Put up dude. I showed you the mechanics of mine. You show me the mechanics of yours that make you the expert you are.
@pemerton responded with "Cunning Expert d8" but that doesn't give the whole of the mechanic. Rather that's shows some relevant parameters of the mechanic. I don't know MHRP but I do know the Cortex System that it is based on.
Stripped down
Everyone writes down their character’s name and some things they’re good at doing, they may also have a metacurrency
Generic things a character are good at doing are represented by traits - descriptive labels with dice ratings attached to them (such as “Cunning Expert d8”)
Games like MHRP will structure traits into sets, which could include attributes, affiliations, distinctions, powers etc. Sets of traits have defining qualities that condition where and how they apply.
Traits are diegetic: if my character is a cunning expert, that's something they and others in the world can know about. I can include the die in my roll whenever it makes sense that it applies. I can't include the die in my roll where it doesn't make sense (and sets generally make that even clearer.)
A metacurrency -- in it's generic form, "plot points" -- is earned by players when they roll 1 on a die, and can be spent by them to add dice to future rolls. GM gets plot points too, but the generic way GM uses them is to introduce NPCs.
Games like MHRP can alter the way plot points work in the game using mods. A doom pool is a mod that swaps GM plot points for a dice pool.
And finally, when you want to do something and there’s something that might get in your way (such as the environment, another character, or time), you make a test.
Someone else picks up dice to establish the difficulty number you must beat to succeed.
You assemble your dice pool, roll it and keep two dice to compare with the difficulty number.
You may also nominate one die you didn't keep to be your effect level (the more sides the better, e.g. d12 is a stronger effect than d6 regardless of what was rolled on it.)
Any 1s, whether you keep them or not, create complications (and earn you plot points.)
In specific games, there can be numerous concrete details that make all this specific to some imagined world rather than generic.

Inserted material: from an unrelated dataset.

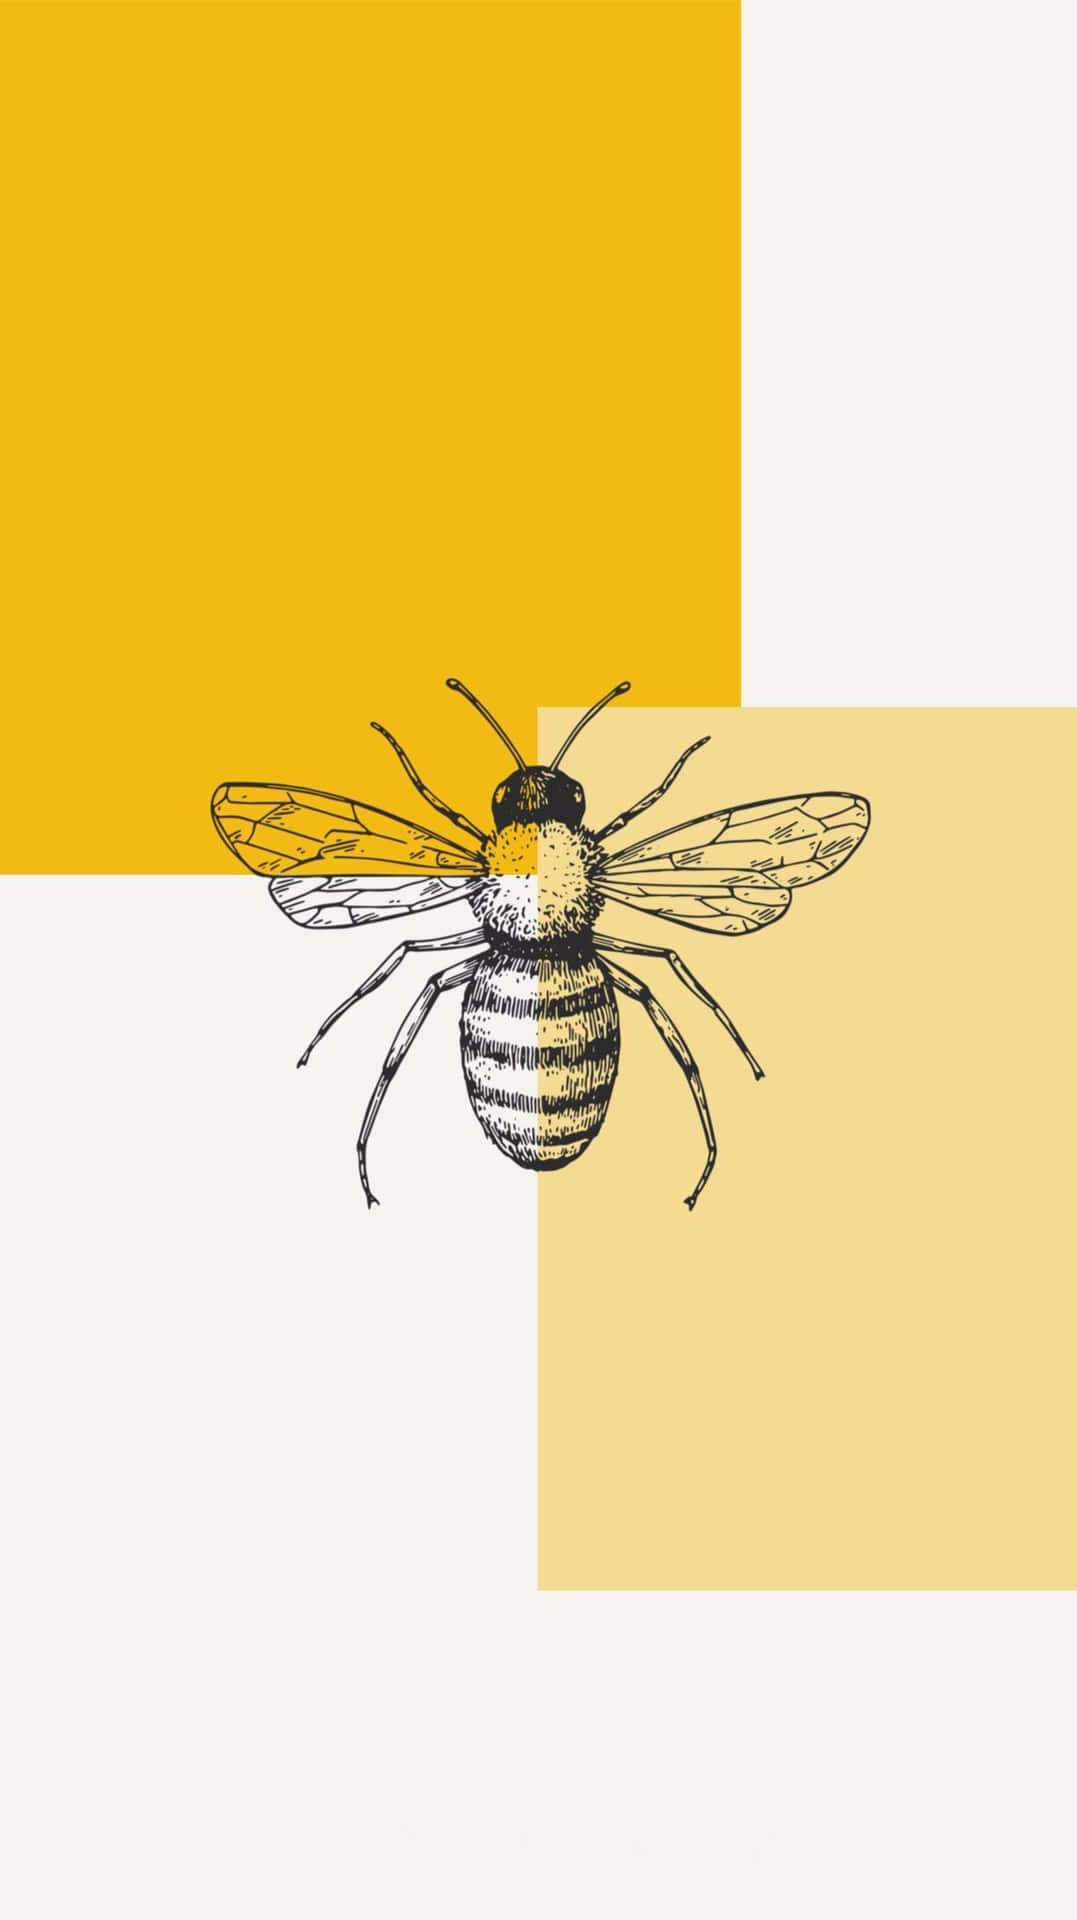 Caption: Buzzing Beauty on Screen - Bee iPhone Wallpaper Wallpaper

For example, a distinction "Your Life Before" may let you add a die to a crisis pool to double your attribute die when you connect to your old life.
This general apparatus is tremendously versatile, and at the same time strongly
diegetical. I say it is diegetical because every element of the game mechanic associates with something diegetic in play. If Cunning Expert doesn't matter in this situation, I can't include that d8 in my roll. If it matters, I can include it. If I include that d8 in my total and beat a test I can narrate that it made a difference. There's more to it of course, including an absence of assumptions some might port into it with their set of unwritten rules.
I think one could complain that it is not
para-diegetic, meaning that the process itself is not set up to unfold in a sequence that feels like some imagined causal chain. That makes sense, because rather than a collection of sub-systems each bespoke to some phenomena significant to play (potentially and usually hung off a backbone system), the core apparatus is applicable to any phenomena that becomes significant to play.
I've observed that the quality of being diegetical matters to most who favour process-simulation, while the quality of being para-diegetic matters to some more than others (and doesn't in my opinion turn out to be all that robust... it typically relies on glossing over deviations.) Folk comfortable with traditional game system structures might count Cortex out from being proceess-sim just because it doesn't feel like those traditional structures.